Python 3.8.5 (default, Jul 28 2020, 12:59:40) 
[GCC 9.3.0] on linux
Type "help", "copyright", "credits" or "license" for more information.
>>> import tensorflow as tf
>>> tf.add(3,5)
2021-02-17 18:09:54.024738: I tensorflow/stream_executor/platform/default/dso_loader.cc:48] Successfully opened dynamic library libamdhip64.so
2021-02-17 18:09:54.554061: I tensorflow/core/common_runtime/gpu/gpu_device.cc:1734] Found device 0 with properties: 
pciBusID: 0000:01:00.0 name: Ellesmere [Radeon RX 470/480/570/570X/580/580X/590]     ROCm AMD GPU ISA: gfx803
coreClock: 1.34GHz coreCount: 32 deviceMemorySize: 4.00GiB deviceMemoryBandwidth: 104.31GiB/s
Illegal instruction (core dumped)

Actually I haven't meet this Illegal instruction error on my RX580 8G.

But I still suggest rebuild rocBLAS with -DBUILD_WITH_TENSILE_HOST=OFF, I upload https://github.com/xuhuisheng/rocm-build/blob/rocm-4.1.x/gfx803/22.rocblas.sh, please try it.

BUILD_WITH_TENSILE_HOST=OFF will disable the asm scripts, just use old C language to implement GEMM. I believe the new asm GEMM have issues for gfx803. But right now, cannot find the point.

I think I bricked my gpu. I will try with another gpu. (atiflash/amdvbflash -i failed to test it)

I'll close this issue. I will open again if I found this issue unresolved.

Thanks mate.

Actually, I often make my RX580 crashed before rebuild rocBLAS, if I ran language model example from pytorch-example https://github.com/pytorch/examples/tree/master/word_language_model .
My solution is wait a while and reset the compute, then GPU will wake up.

how do I reset the compute?

I mean shutdown the power and reboot.

alright. will get back to you.

I was able to fix the GPU issue.

you are correct perhaps it is a rocBLAS issue.
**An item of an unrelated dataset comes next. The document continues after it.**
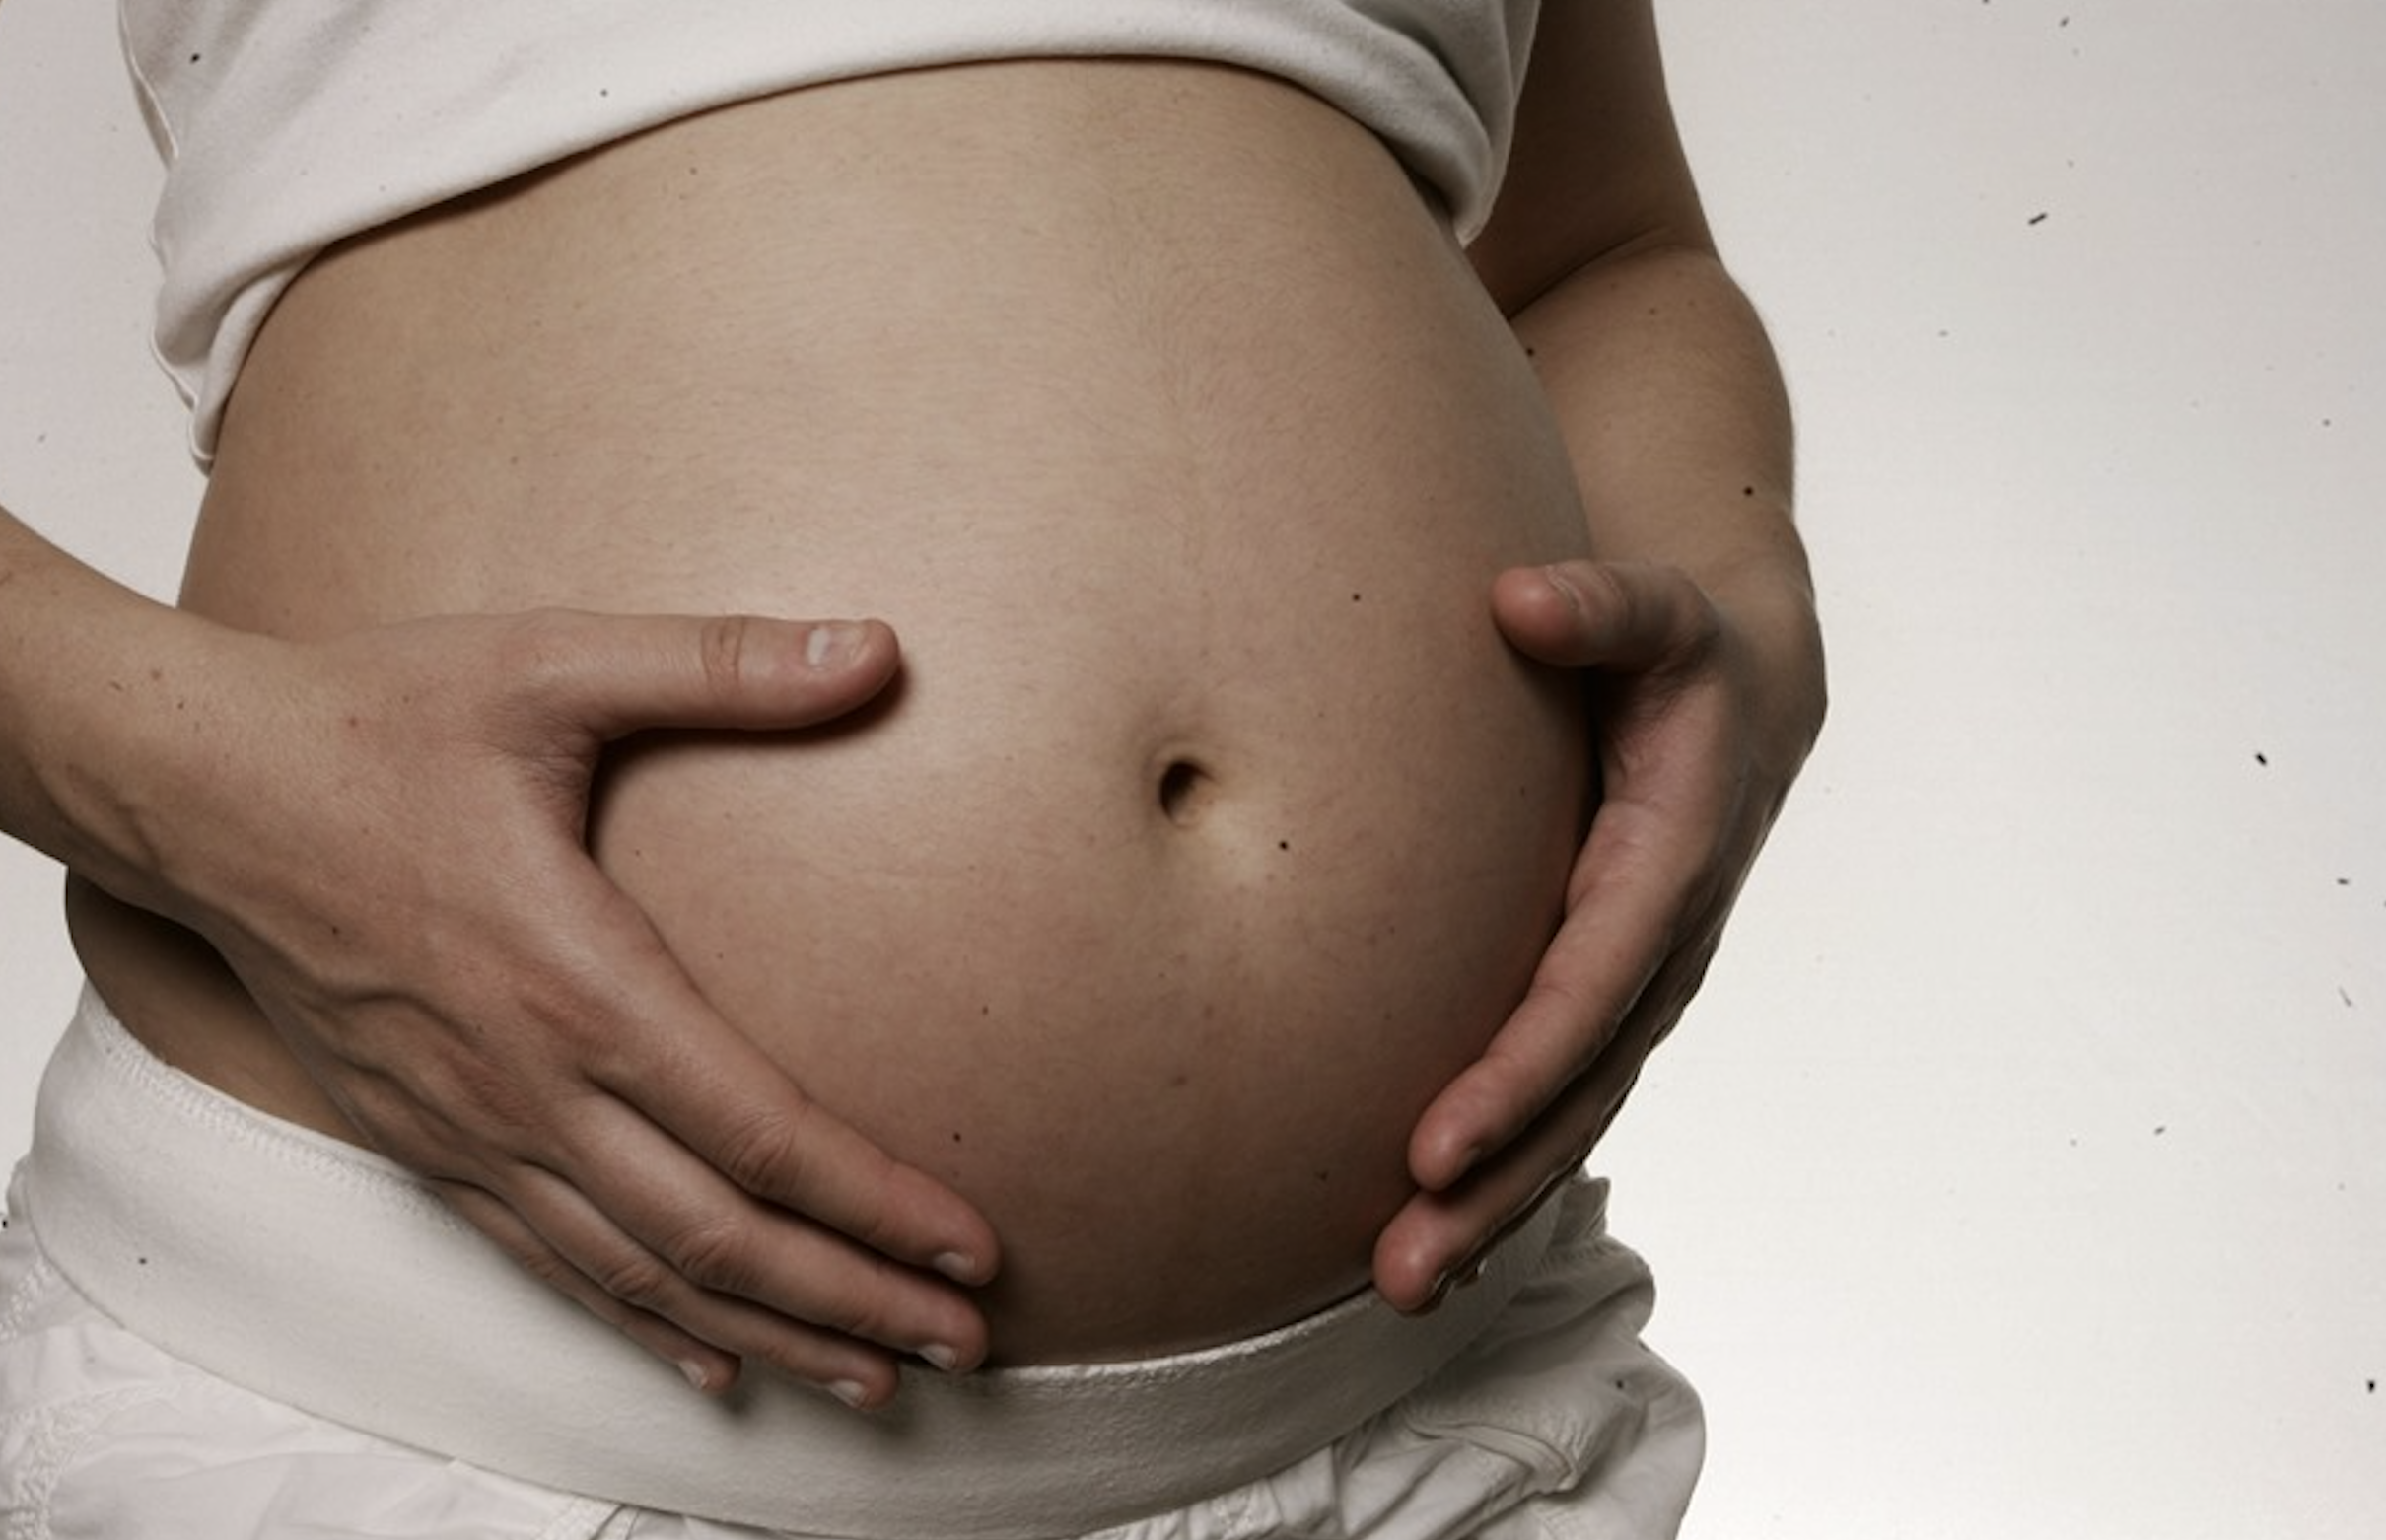 EU registra más de 64,000 embarazos por violación en estados con restricciones al aborto

I tried using your fix but I got on patching

error: patch failed: library/src/blas_ex/rocblas_gemm_ext2.hpp:4
error: library/src/blas_ex/rocblas_gemm_ext2.hpp: patch does not apply

I used

repo init -u https://github.com/RadeonOpenCompute/ROCm.git -b roc-4.0.x
repo sync

because 4.1.x is

manifests:
fatal: couldn't find remote ref refs/heads/roc-4.1.x

any solutions?

OK. Seems this patch related up-coming ROCm-4.1 is not suitable with ROCm-4.0.
Which version do you want? I will make a related patch for the version. Or you can just modify library/src/blas_ex/rocblas_gemm_ext2.hpp, move #include "rocblas_gemm_ex.hpp" outof #ifdef USE_TENSILE_HOST.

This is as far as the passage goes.